### [Data block]
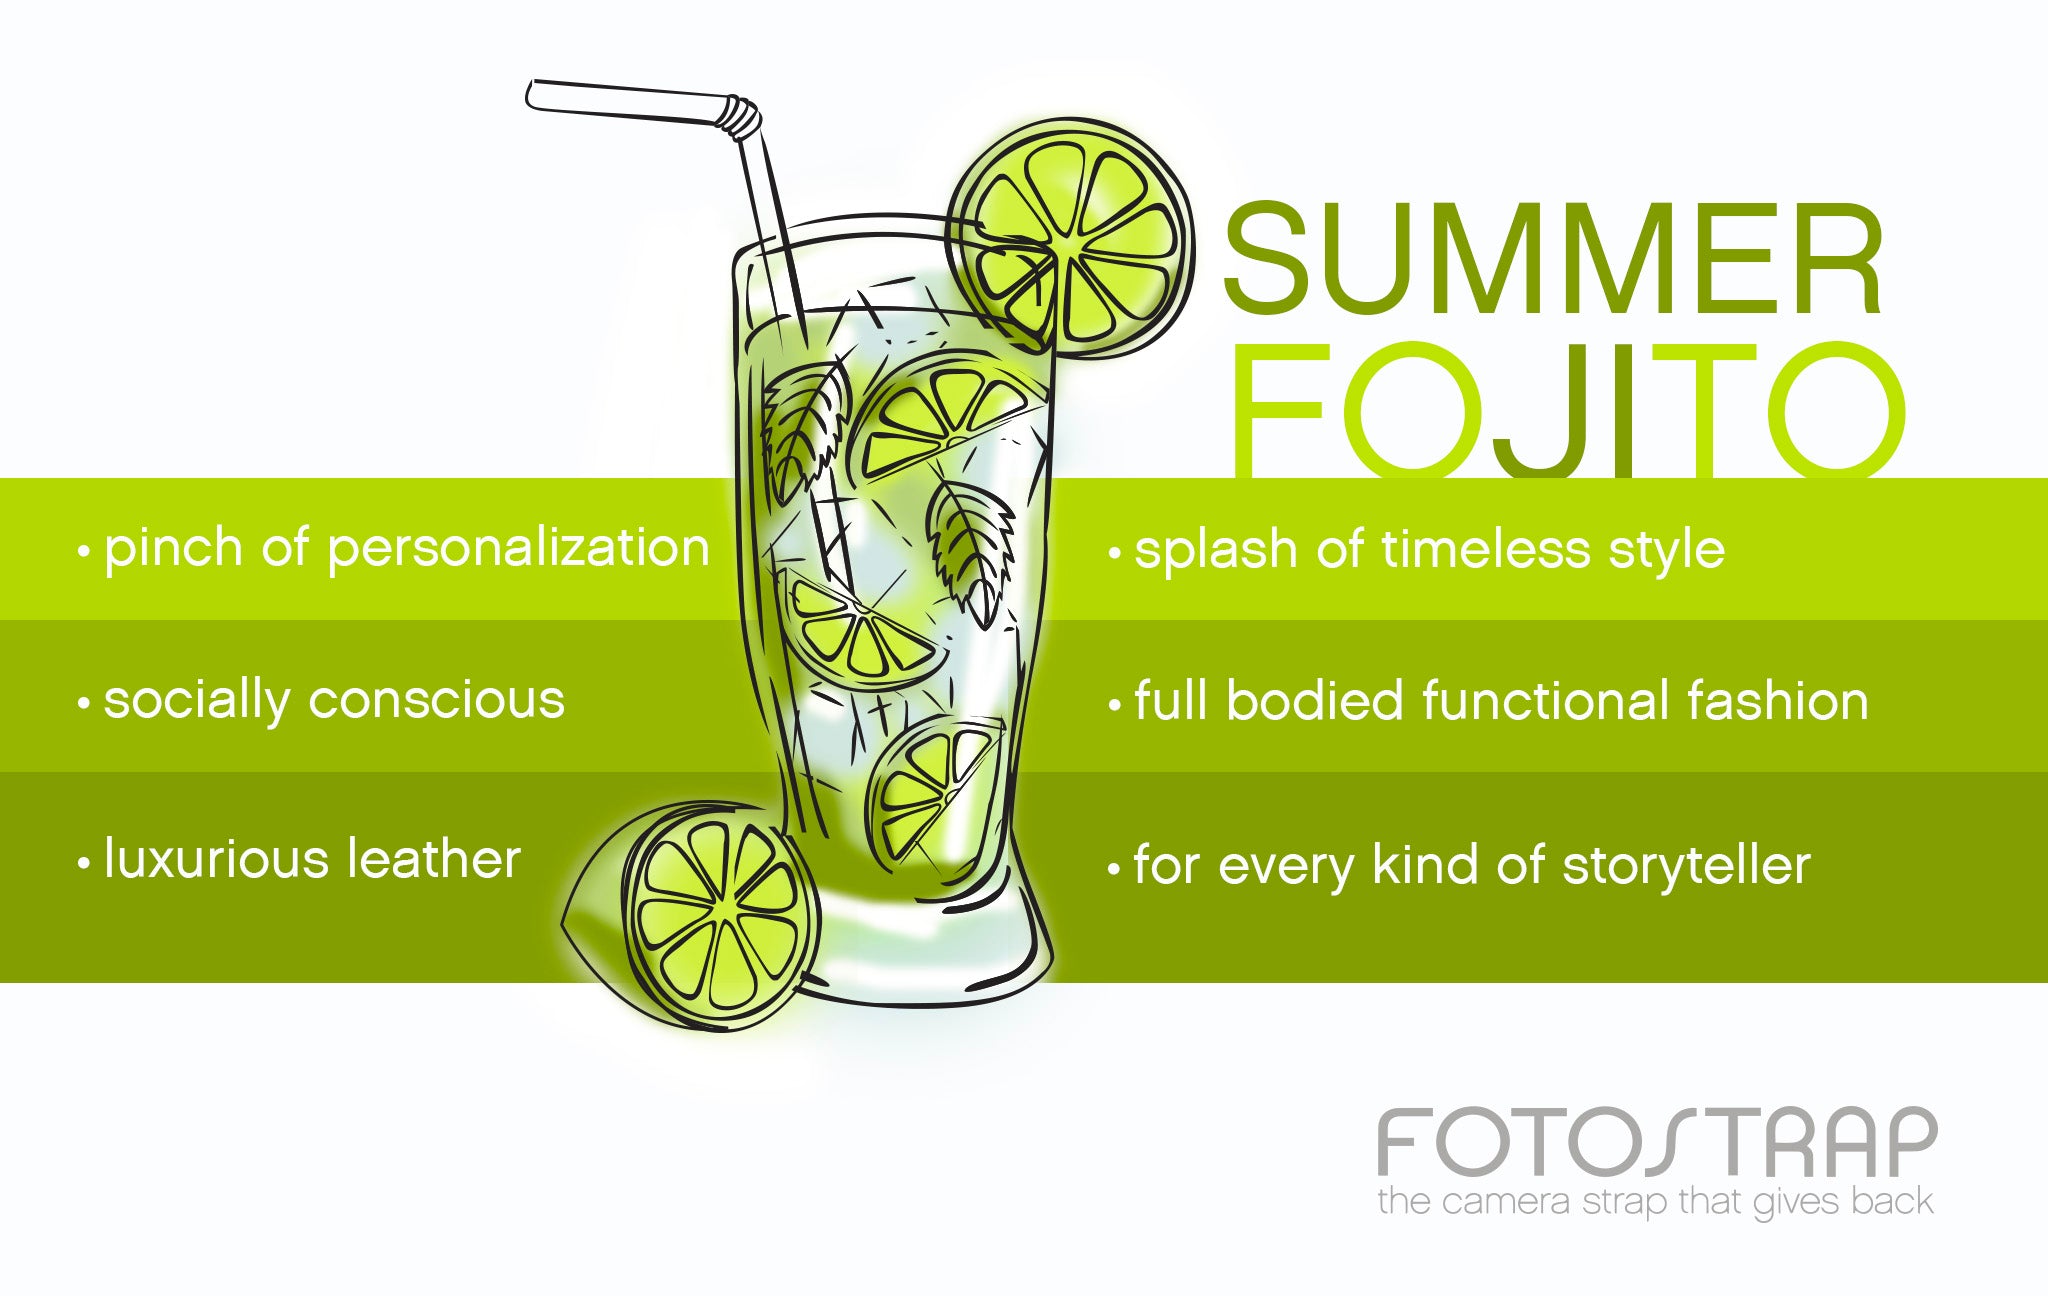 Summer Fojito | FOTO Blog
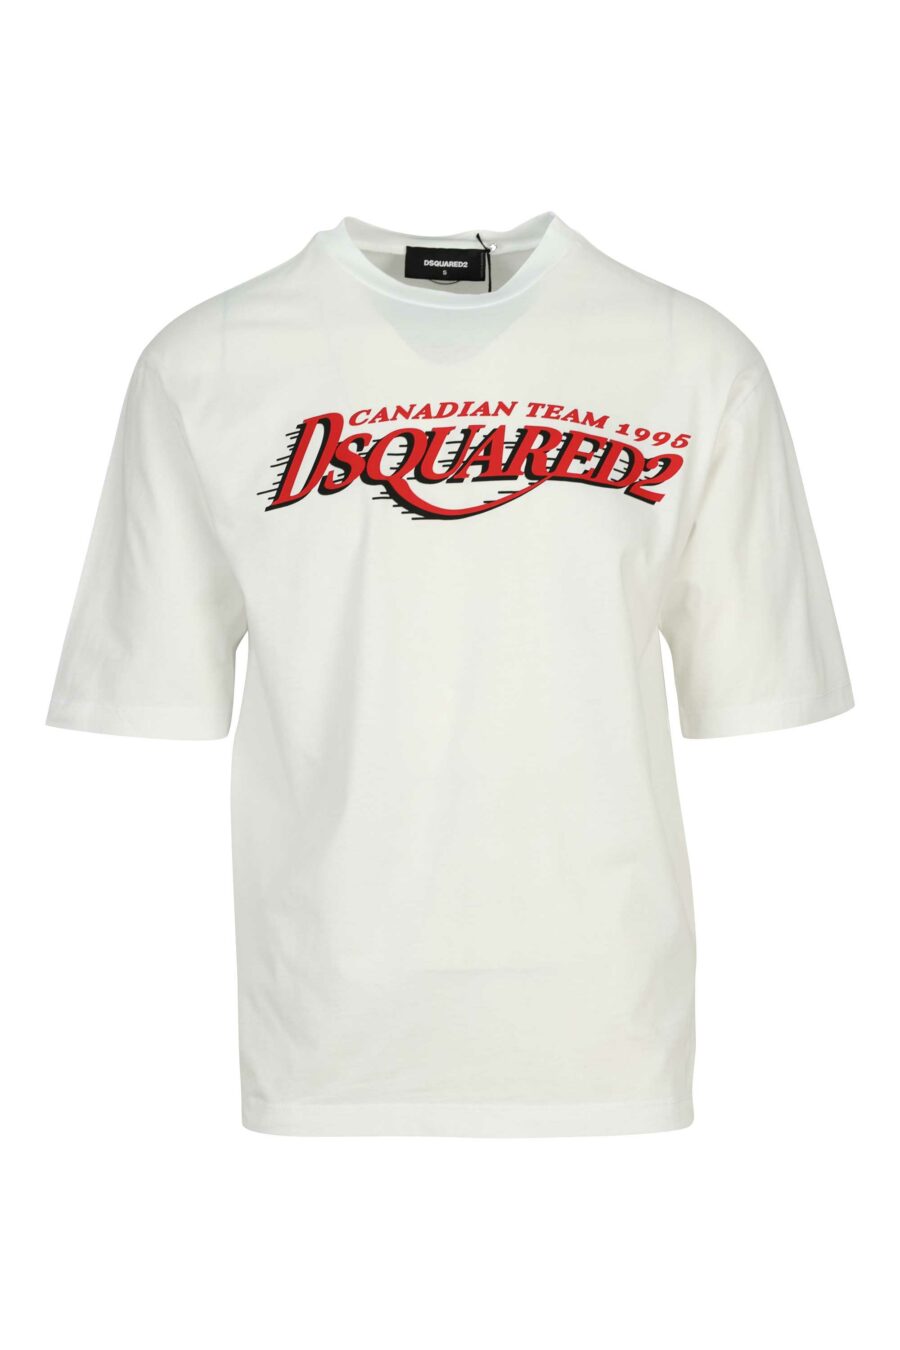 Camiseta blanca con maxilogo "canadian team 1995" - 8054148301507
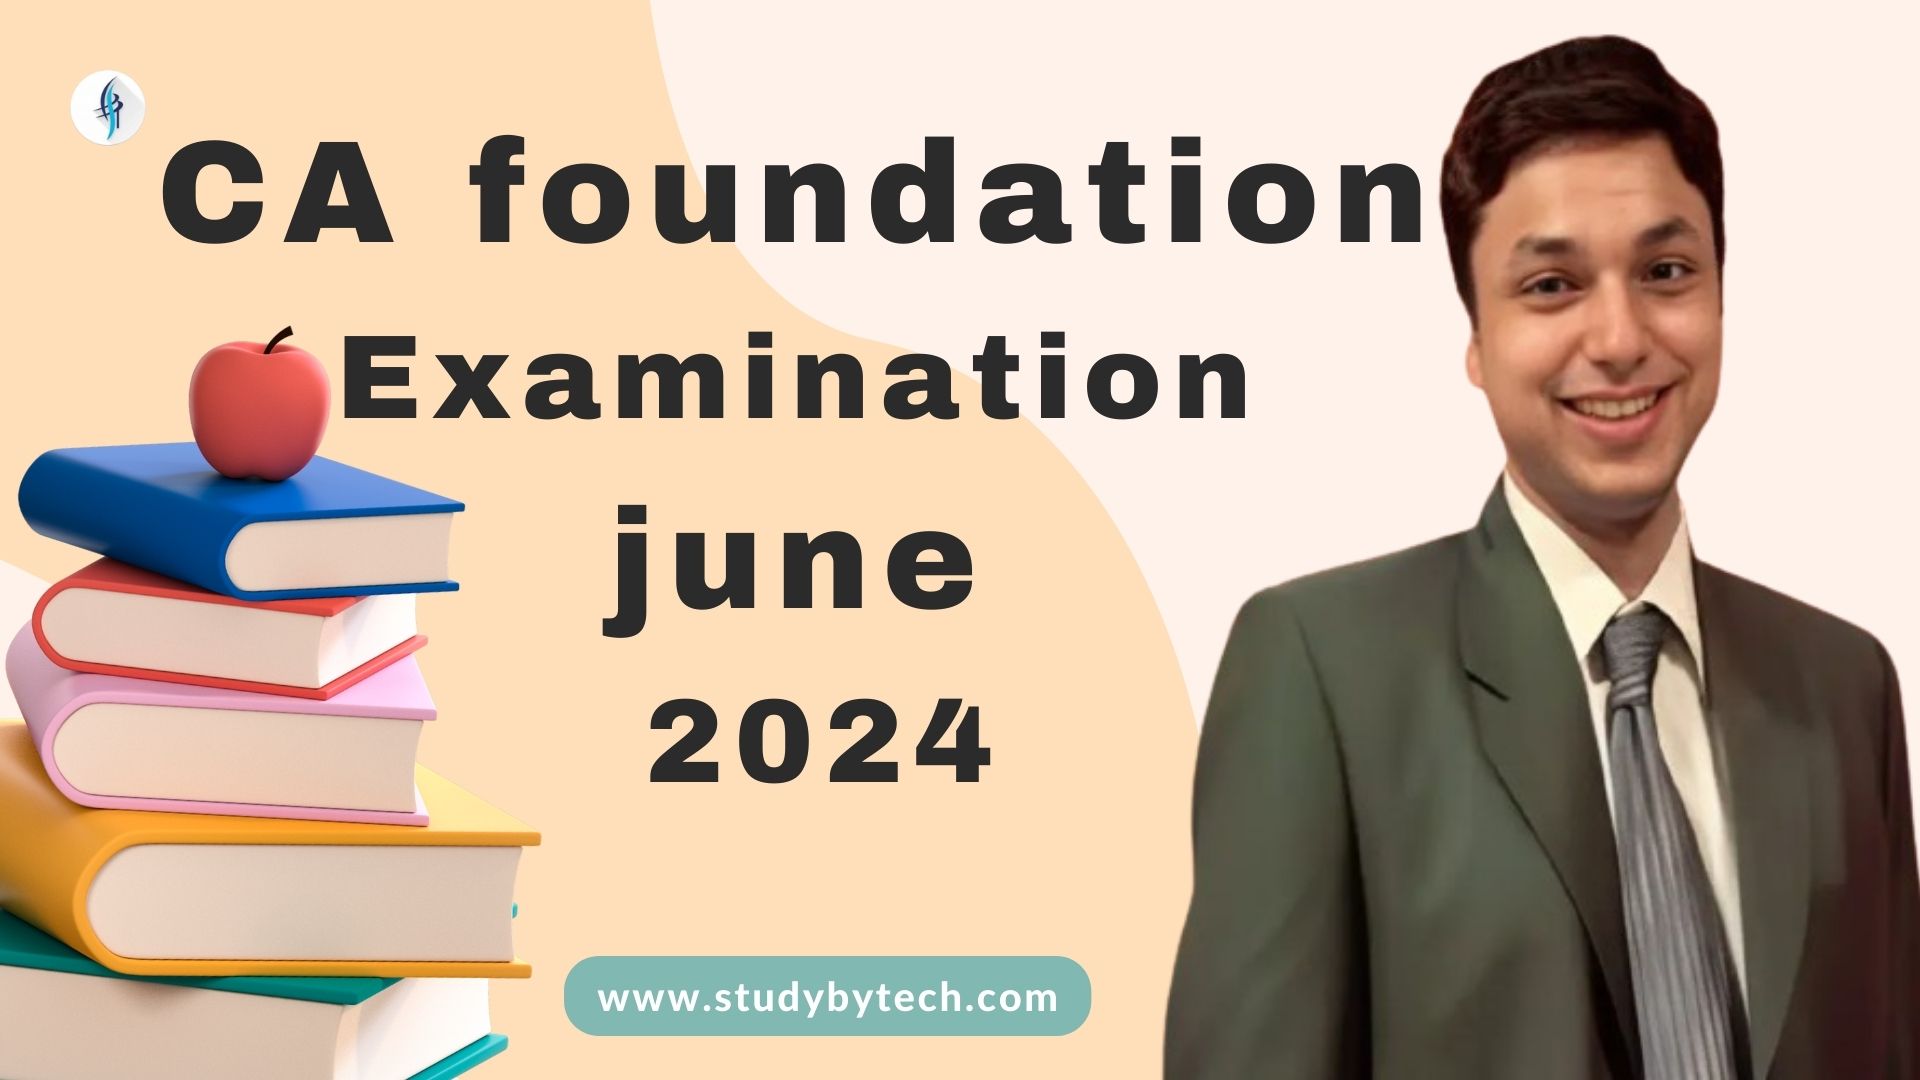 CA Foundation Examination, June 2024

### [Exercise description]
Please write out the entire listing above exactly, but leave the pictures out.

### [Response]
 Summer Fojito | FOTO Blog
 Camiseta blanca con maxilogo "canadian team 1995" - 8054148301507
 CA Foundation Examination, June 2024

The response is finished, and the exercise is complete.